Kylian Mbappe has the highest potential in the game. So is he actually the best player in the game? It is difficult to tell as from my experience the game sort of overpowers players and the ratings are not really a reflection of their in-game abilities.

Top Leagues

Which league has the most players? Which league has the best players? I wondered as I continued looking at the data set. This would really help in FUT team selections in building good teams. This was actually the only time I used the team’s data set as I had to join the data to find the players and their respective leagues.

#Joining team data set to find their respective leagues#Renaming column name to have a common column
names(teams)[2] <- 'Club'
#Joining the Dataset
players <- players %>% full_join(teams, by="Club")
#Removing Unwated columns from dataset
players <- players[, -91]
players <- players[, -c(92:102)]
#Rename Overall.x back to Overall
names(players)[9] <- 'Overall'

After joining the data set, I removed the unwanted columns and renamed a few columns to make the manipulation more consistent.

I used the tidyverse to aggregate the frequency of players per leagues and selected the top 10 and also used ggplot to plot this bar chart.

#Finding Most represented leagues in the game
top10_leagues <- players %>%
group_by(League) %>%
tally() %>%
arrange(desc(n)) %>%
slice(1:10)
ggplot(top10_leagues,aes(x=factor(League),y=n))+
geom_col(color='black',fill='dodgerblue')+
labs(title = "Most represented leagues in FIFA 22", x = "Leagues", y = "Count") +
coord_flip()

As expected the English premier league is the most represented league in the game. Surprisingly, the only second division league to make it into the top 10 in the English League Championship. This further illustrates just how much media coverage can increase your representation in games like FIFA 22.

Which leagues have the best players?

The players in the top 5 leagues rated 85 and above were discovered using tidyverse for the manipulation and the ggplot to plot the visuals.

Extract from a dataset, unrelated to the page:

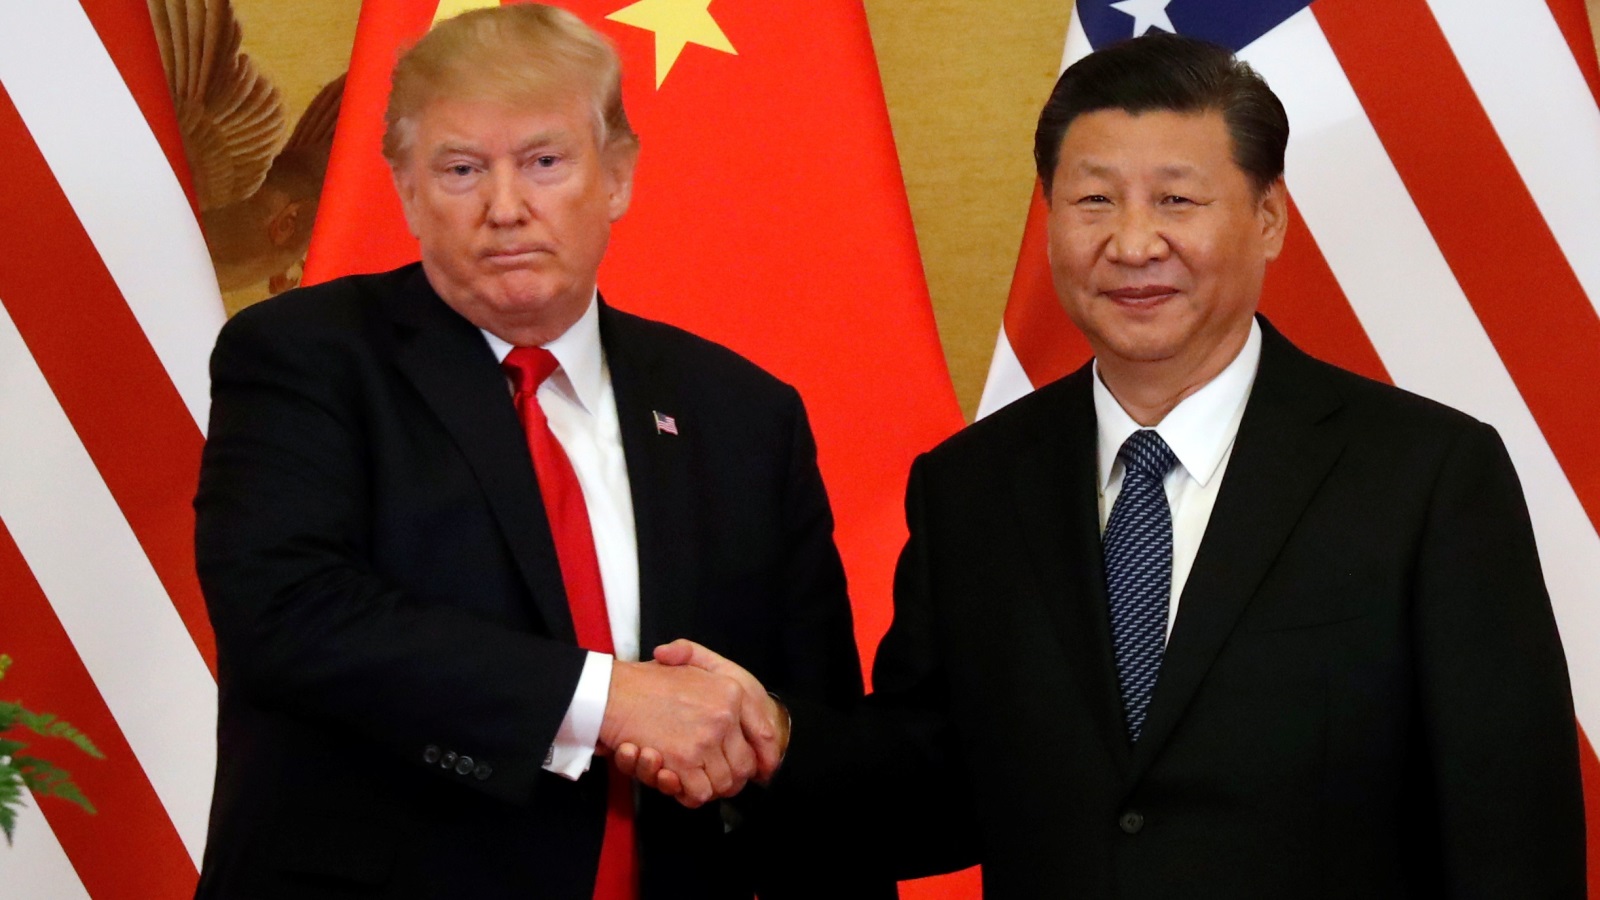 من المرجح أن سياسة ترامب تجاه الصين تلقى دعما كبيرا من قبل الحزبين، حيث ظل الكونغرس تاريخيا أكثر تشددا من الإدارات الأمريكية تجاه السياسات الصينية

#Players in the top 5 leagues 85 rated and above
the85andabove_league <- players %>%
filter(Overall >= 85) %>%
group_by(League) %>%
tally() %>%
arrange(desc(n))
#Leagues with high potentials
the85potentials_league <- players %>%
filter(Potential >= 85) %>%
group_by(League) %>%
tally() %>%
arrange(desc(n)) %>%
slice(1:5)
#Statistically the best
bestwithstats_league <- players %>%
filter(TotalStats >= 2100) %>%
group_by(League) %>%
tally() %>%
arrange(desc(n))%>%
slice(1:5)
#Graph representing the 85+ rating count by league
ggplot(the85andabove_league,aes(x=factor(League),y=n))+
geom_col(color='black',fill='dodgerblue')+
labs(title = "Leagues with the Best Rated Players (85+)", x = "Leagues", y = "Count")
#Graph representing the potentials by league
ggplot(the85potentials_league,aes(x=factor(League),y=n))+
geom_col(color='black',fill='dodgerblue')+
labs(title = "Leagues with High Potential Players", x = "Leagues", y = "Count")
#Graph representing best players with high total stats
ggplot(bestwithstats_league,aes(x=factor(League),y=n))+
geom_col(color='black',fill='dodgerblue')+
labs(title = "Leagues with Best Players by stats", x = "Leagues", y = "Count")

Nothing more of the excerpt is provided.